The production of fluorinated polyimides occurs in a two-step process in which the cyclic dianhydride 6FDA first reacts with a typically aromatic diamine to form a so-called polyamic acid via ring opening. Subsequent dehydration and cyclization (imidization) yield the polyimide.

This reaction sequence can also be performed hydrothermally under "sustainable green" laboratory conditions and scales, i.e., in water under pressure and at elevated temperatures (200 °C), producing first the polyamic acid and then the polyimide.

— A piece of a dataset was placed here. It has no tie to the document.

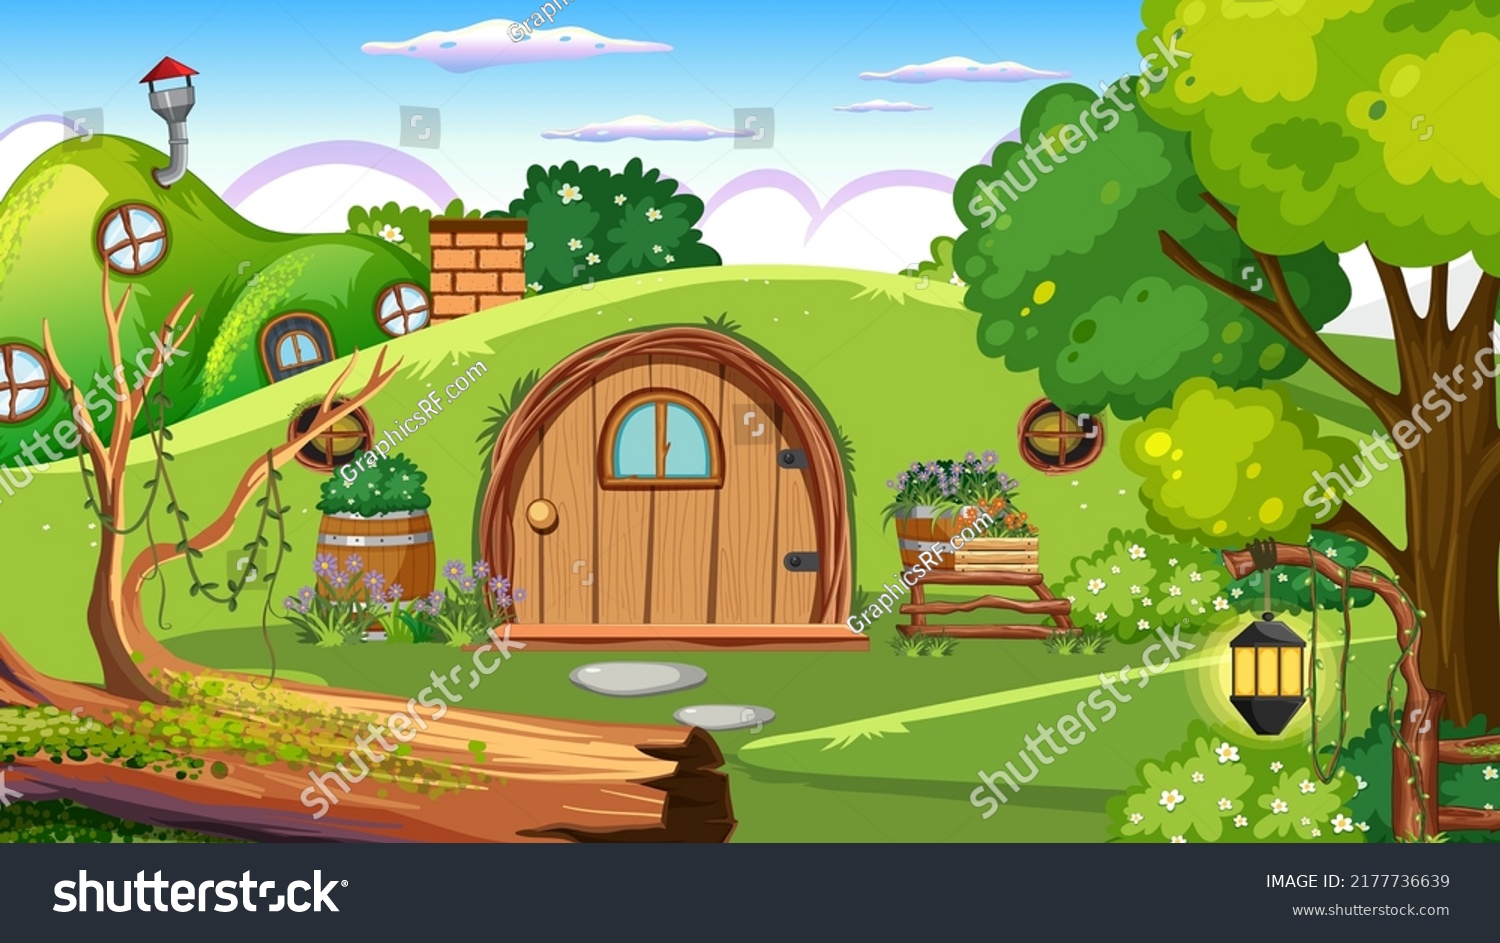 SVG of Hobbit house in the forest illustration svg

The reaction of 6FDA with a diamine containing hydroxy groups, such as 3,3'-dihydroxybenzidine, initially forms the polyimide (A), which can undergo thermal elimination of carbon dioxide (CO_{2}) to form the corresponding polybenzoxazole (B).

Due to their exceptional properties, 6F polyimides are used as materials for gas separation, as glass substitutes in flexible solar cells and OLED displays, as packaging films for electronic components, as optical fiber, and as composite materials in aerospace applications.